■ Information given:
*** Block opens ***
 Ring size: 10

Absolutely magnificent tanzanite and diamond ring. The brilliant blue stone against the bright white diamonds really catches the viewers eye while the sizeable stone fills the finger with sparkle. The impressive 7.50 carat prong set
*** Block closes ***
*** Block opens ***
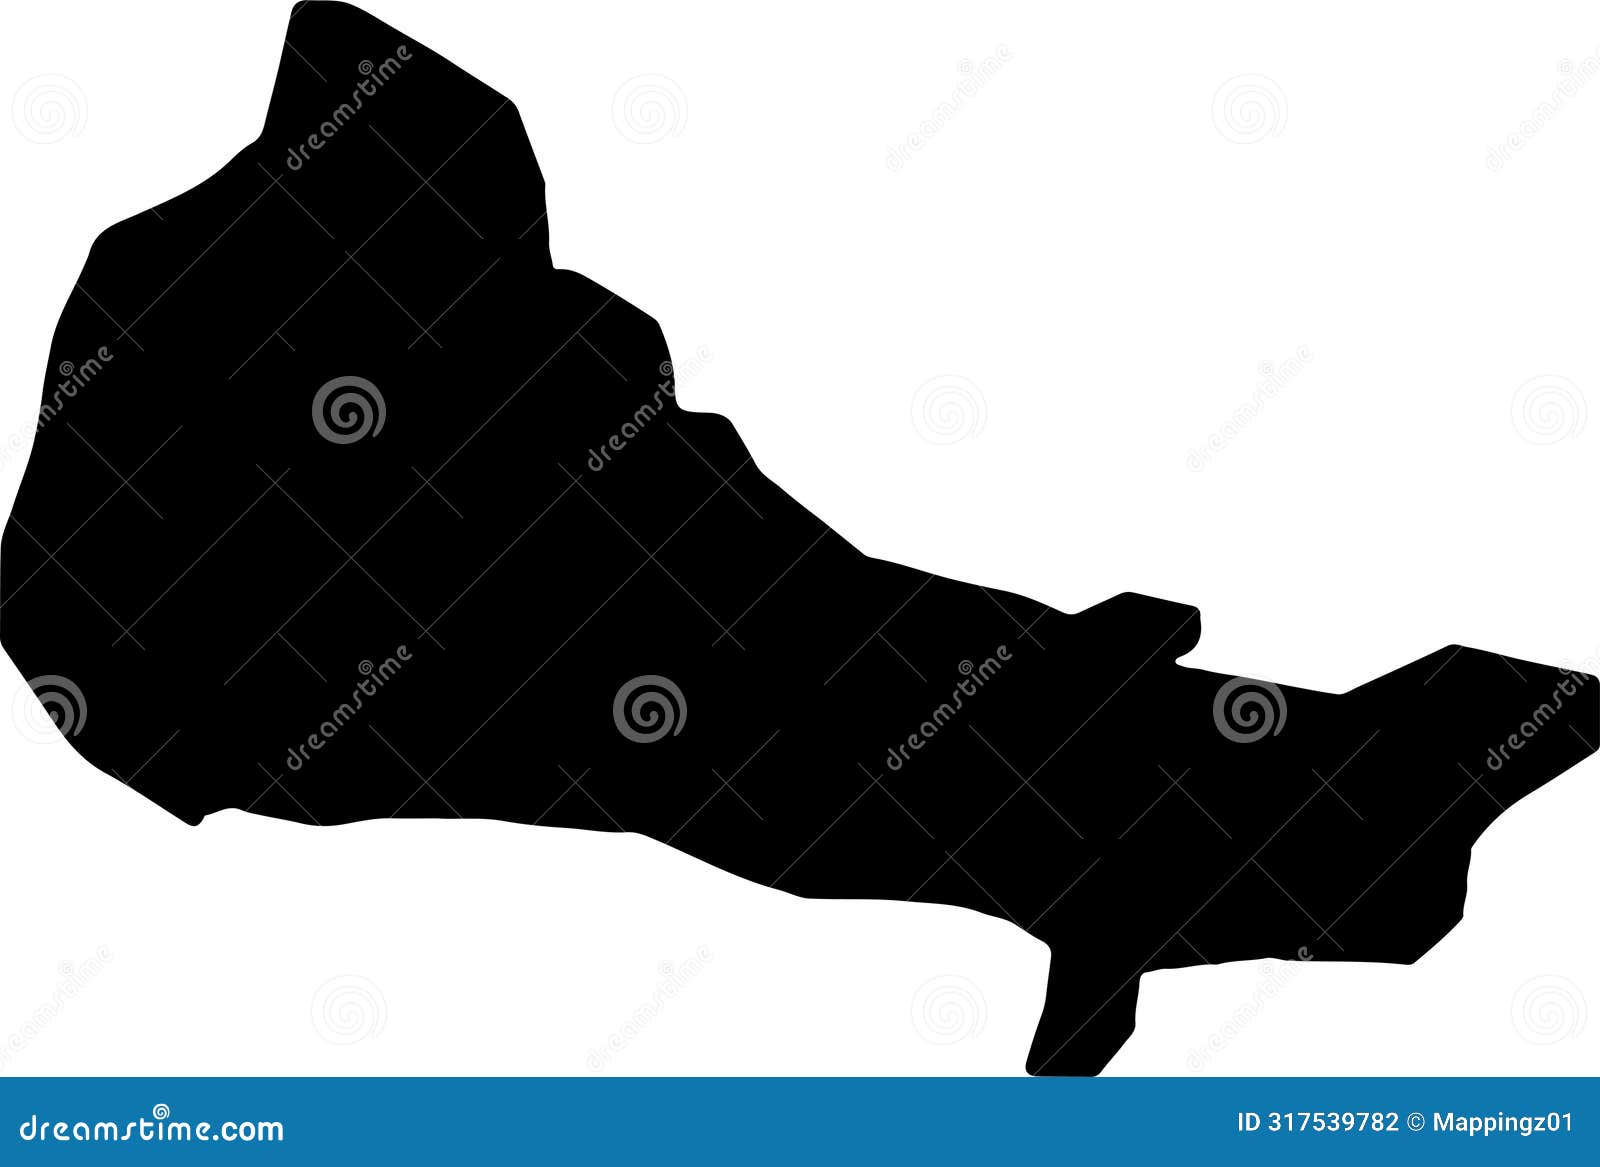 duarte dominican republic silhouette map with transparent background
*** Block closes ***
*** Block opens ***
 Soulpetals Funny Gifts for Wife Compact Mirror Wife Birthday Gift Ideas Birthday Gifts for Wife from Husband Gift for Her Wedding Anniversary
*** Block closes ***
■ Problem statement: Only the lines above starting at the one containing "Ring size: 10" and ending at the one containing "Absolutely magnificent tanzanite", both included, are to be returned, exactly as they read.

■ Solution to this problem:
 Ring size: 10

Absolutely magnificent tanzanite and diamond ring. The brilliant blue stone against the bright white diamonds really catches the viewers eye while the sizeable stone fills the finger with sparkle. The impressive 7.50 carat prong set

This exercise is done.